[Opening DATA BLOCK section]

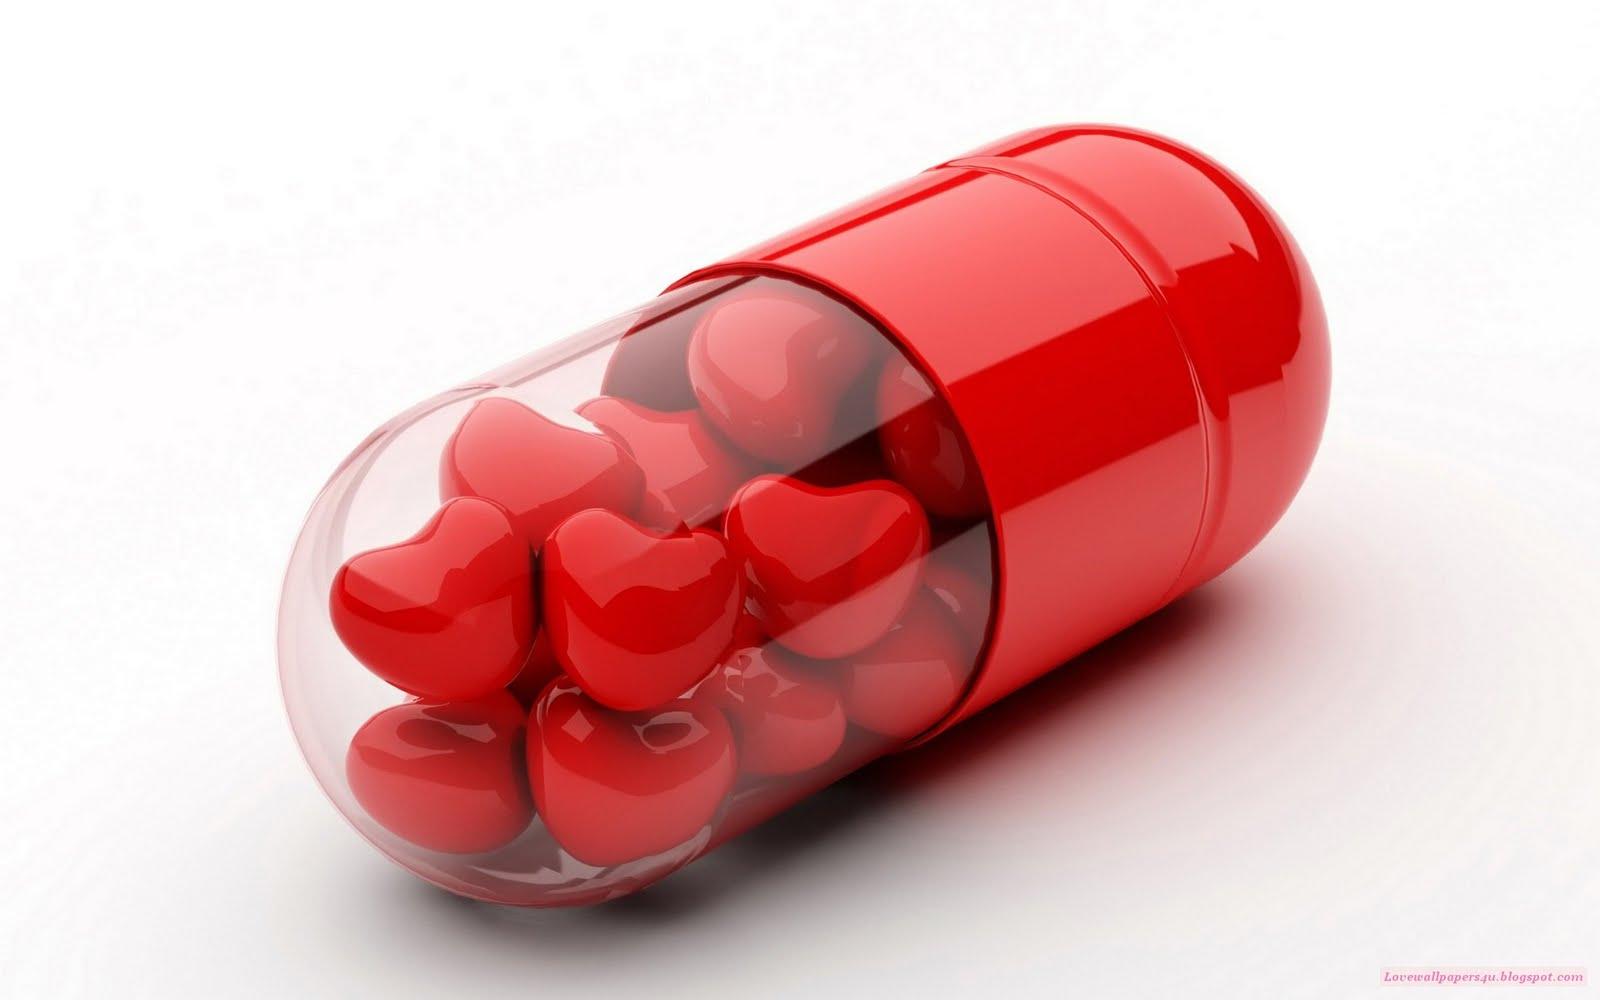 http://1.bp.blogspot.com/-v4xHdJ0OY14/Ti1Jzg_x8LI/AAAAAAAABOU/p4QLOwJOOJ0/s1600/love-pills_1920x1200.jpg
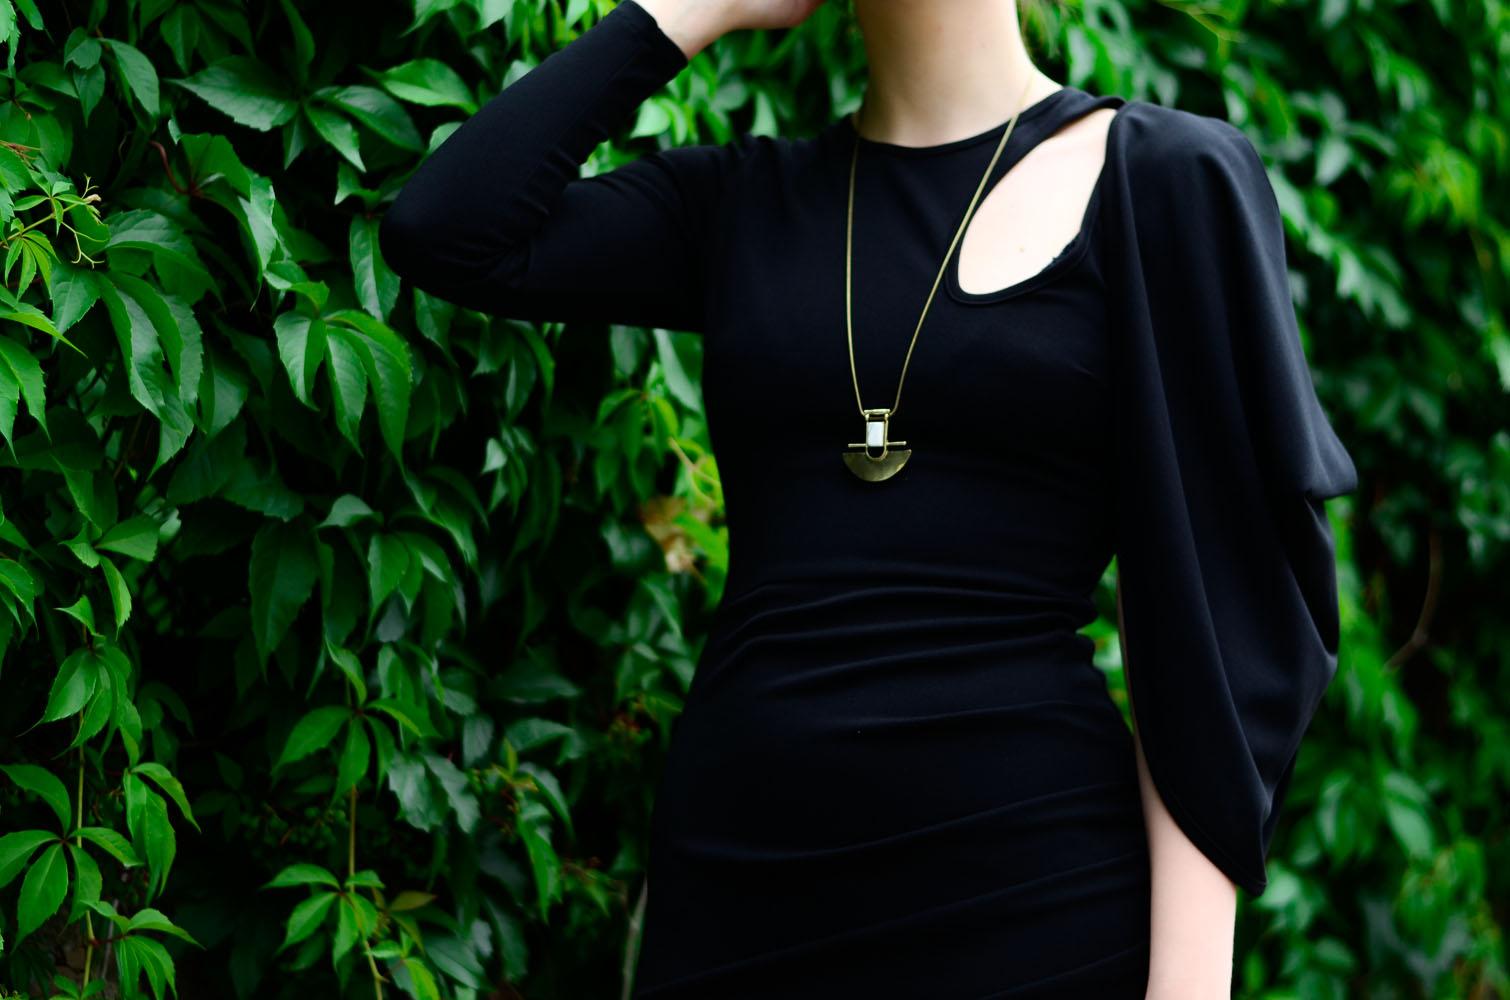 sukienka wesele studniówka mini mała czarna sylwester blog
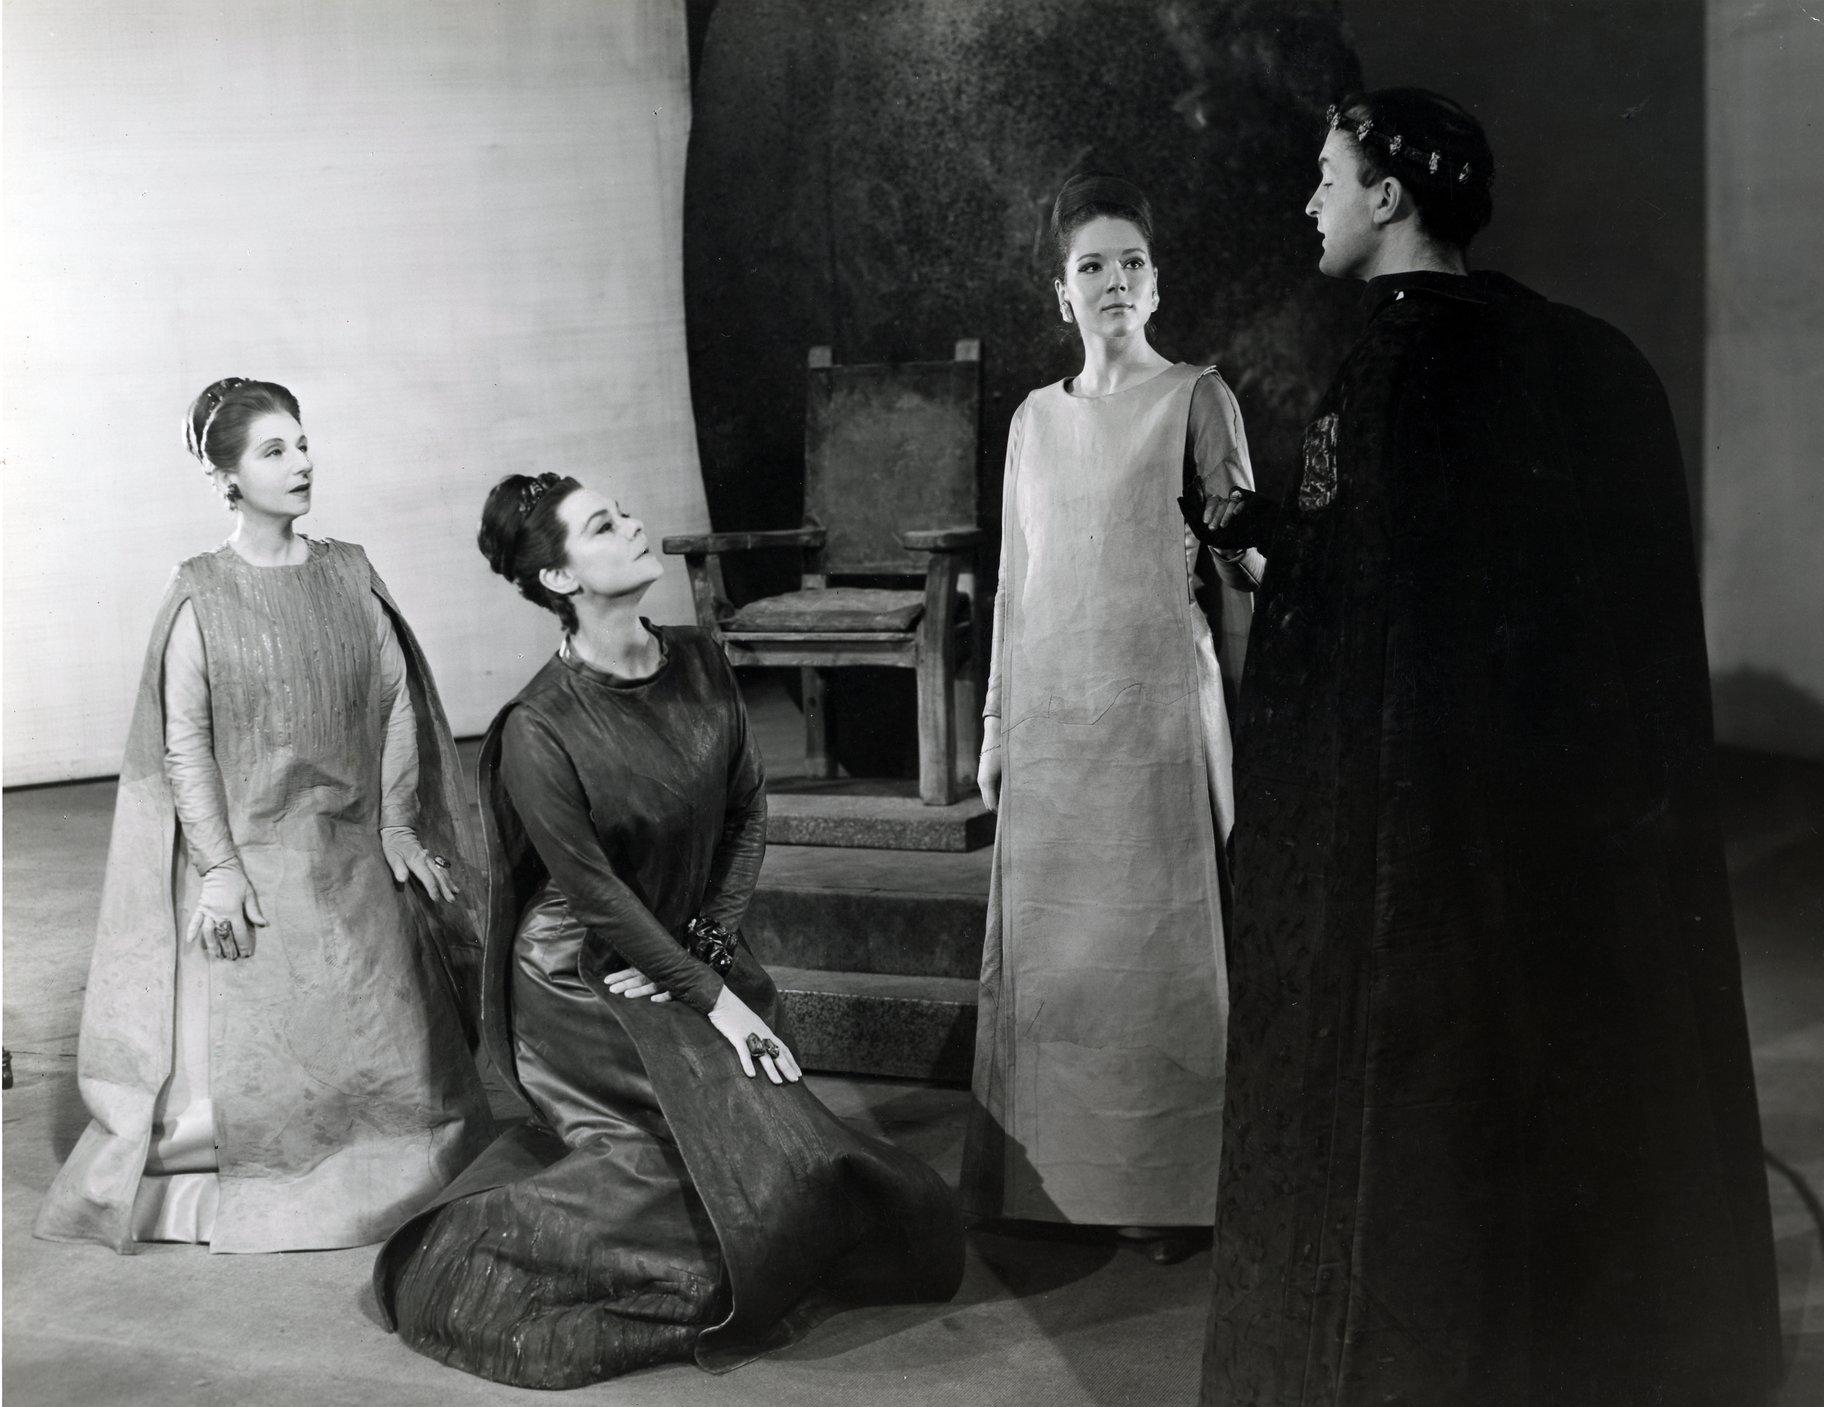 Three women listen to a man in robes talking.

[Closing DATA BLOCK section]

Copy out all of the material exactly as written, without its pictures.

 http://1.bp.blogspot.com/-v4xHdJ0OY14/Ti1Jzg_x8LI/AAAAAAAABOU/p4QLOwJOOJ0/s1600/love-pills_1920x1200.jpg
 sukienka wesele studniówka mini mała czarna sylwester blog
 Three women listen to a man in robes talking.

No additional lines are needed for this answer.